A method for multimedia playback and transmission to wireless clients is described. A host webserver transcodes a live digital or analog audio-visual or audio broadcast signal and splits the input stream into small multimedia objects of an efficient compression such as MPEG4/AAC, and then immediately deploys the objects to distributed content servers for a geographically dispersed population of wireless clients. A java applet object player, downloaded to wireless clients at the beginning of the multimedia on-demand session, interprets and decodes the multimedia objects as they are received, using multiple levels of optimization. The applet uses novel video and audio decoding optimizations which can be generically applied to many digital video and audio codecs, and specifically decodes Simple Profile MPEG4 video and Low Complexity AAC audio.

Description

    FIELD OF INVENTION
  • The invention relates to issues of the wireless Internet, specifically to methods of multimedia transmission and playback for mobile clients.
  • BACKGROUND OF THE INVENTION
  • The current methods of distributing multimedia data over the wireless Internet to mobile clients are constrained by existing wireless bandwidth, and the real-time decoding, processing and displaying of multimedia content with limited hardware capabilities. These hardware limitations include slow CPUs, high memory latencies, slow drawing capabilities and the absence of YUV to RGB conversion in the hardware.

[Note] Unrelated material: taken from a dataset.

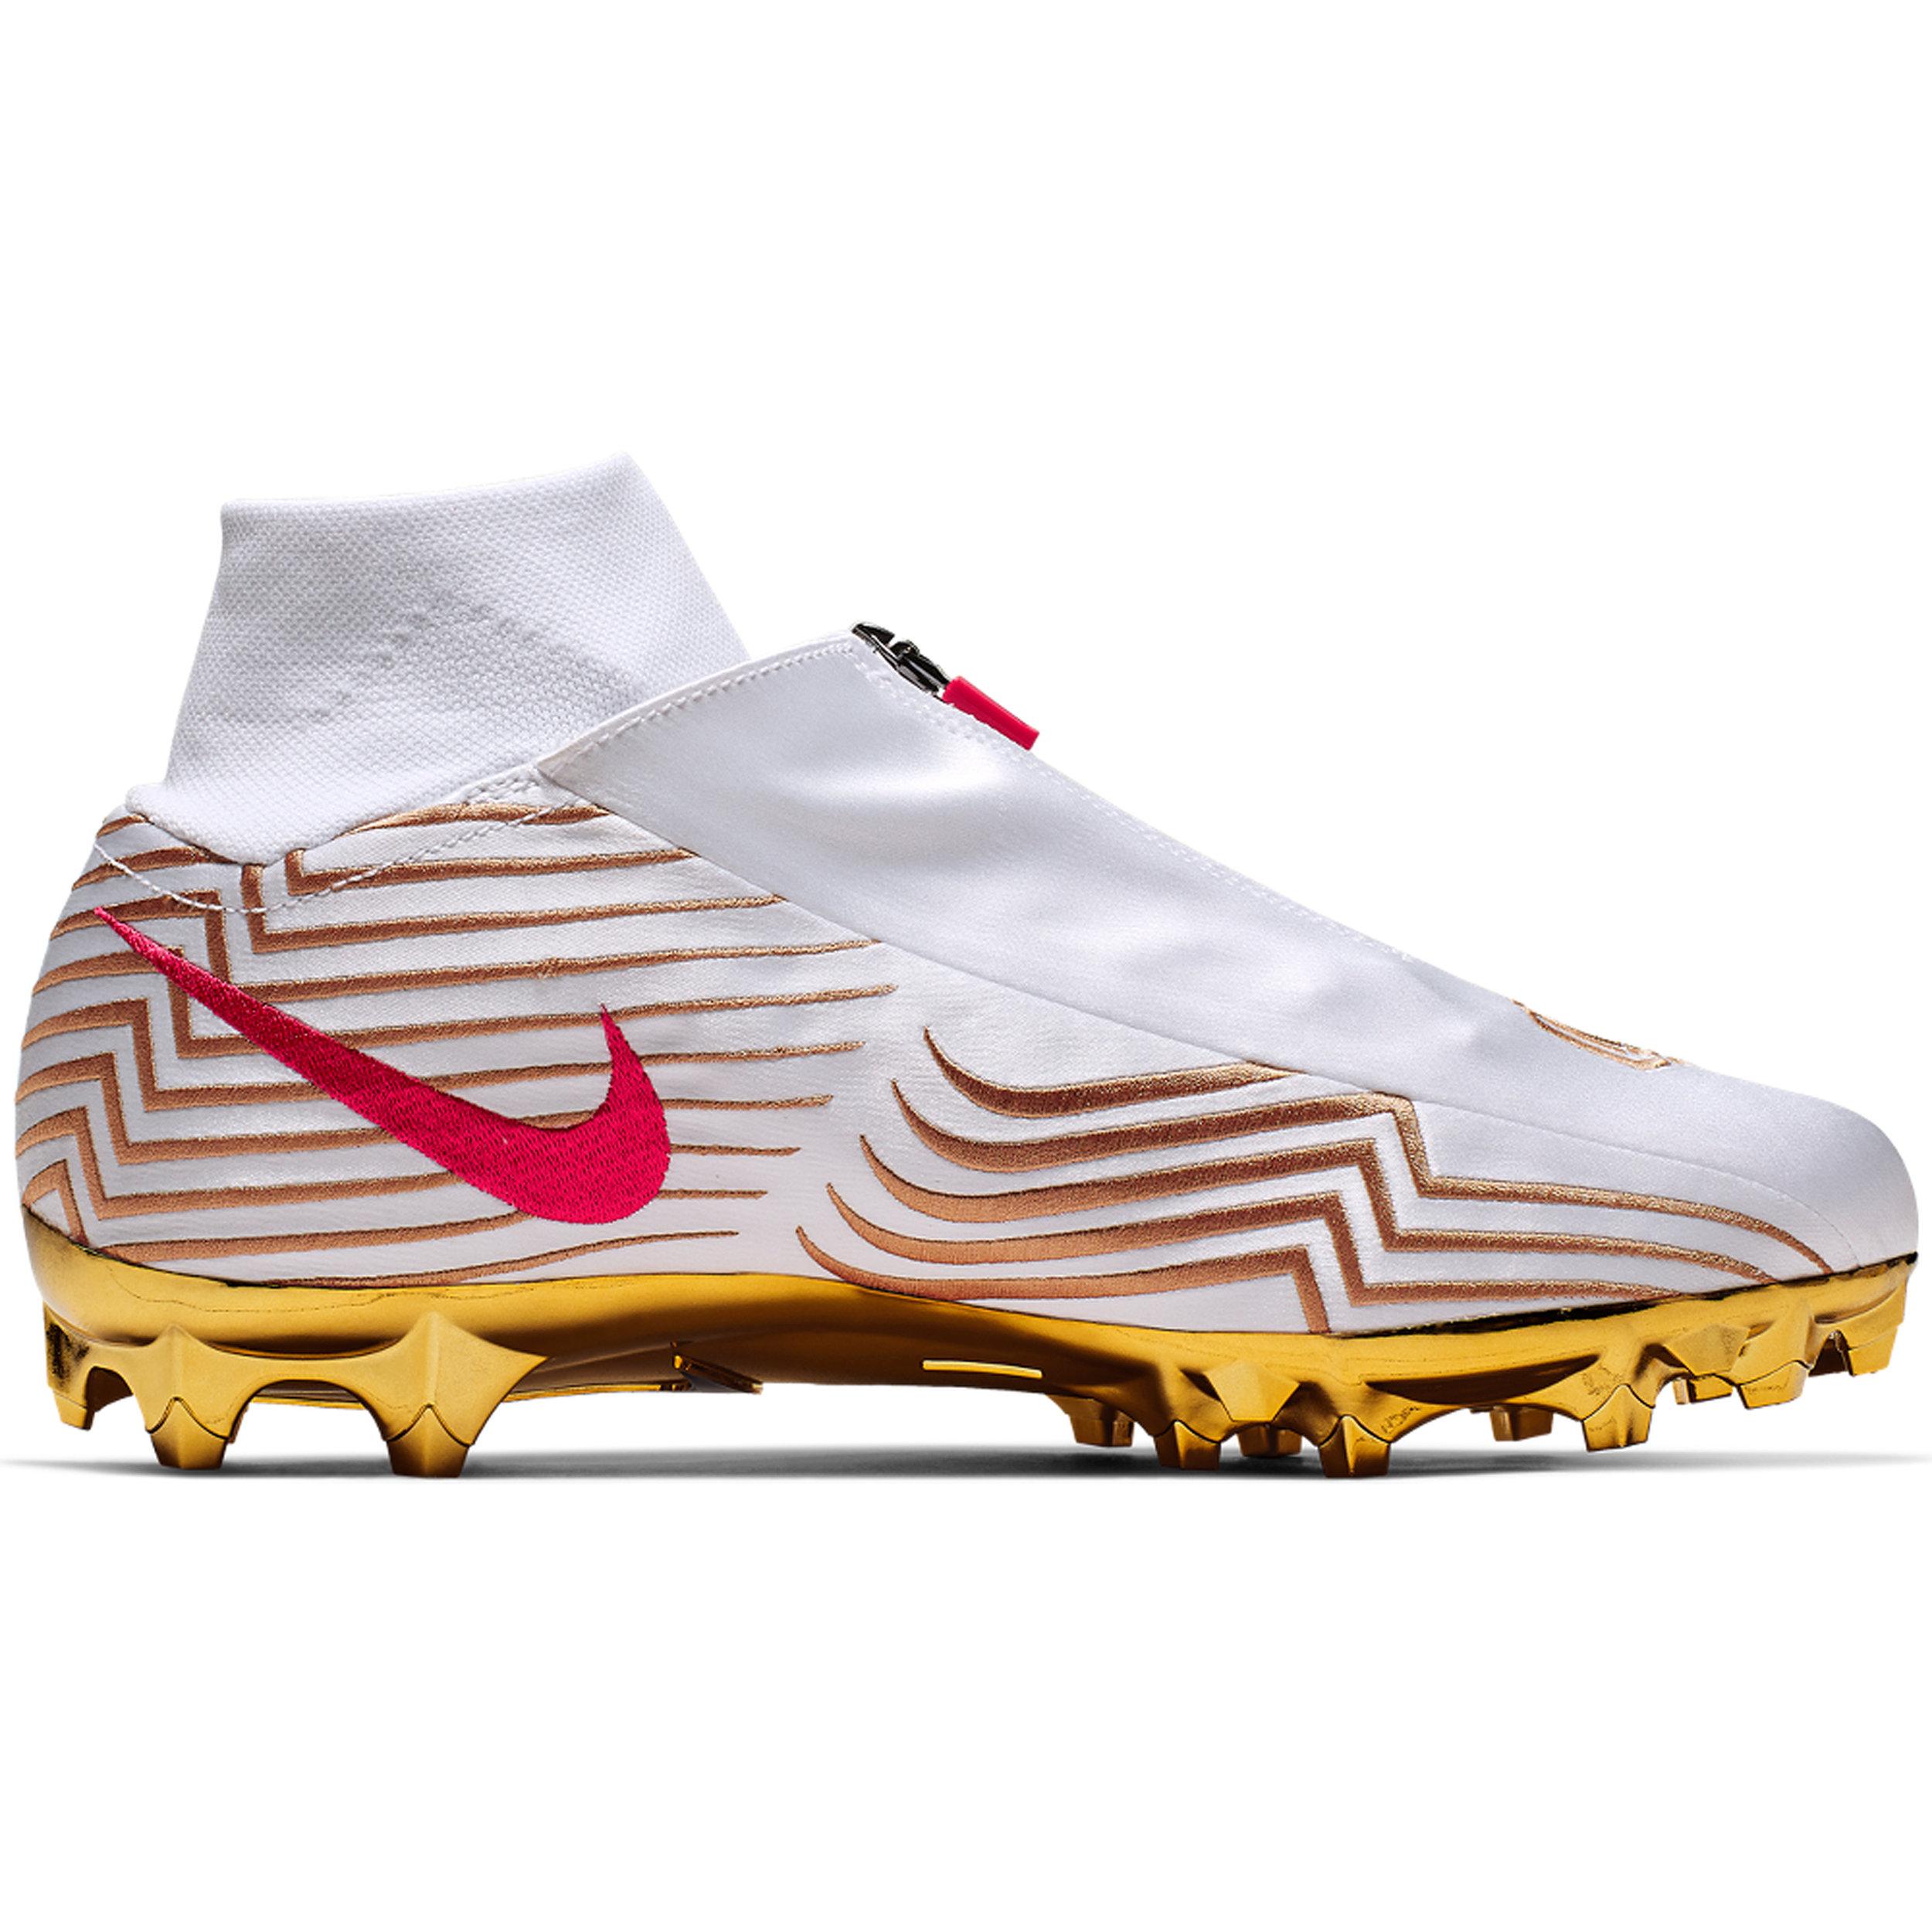 NikeNews_NikeVaporUntouchablePro3_OBJ_07_89288.jpg

  • Video and audio playback exist on certain cell phone handsets, but this technology is embedded and takes advantage of low-level hardware processing to enable the performance required for media playback. Through embedded media players, several cell phone handsets and handheld computers can play either streamed video or audio. Popular digital video encoding standards for some handsets are H263 and MPEG4. The audio codecs, MP3, AMR and AAC, are also typically supported on some mobile handhelds. Newer video codecs, like H264 could be used for video transmission to cell phones, but would require clients systems with fast memory access for their motion compensation methods.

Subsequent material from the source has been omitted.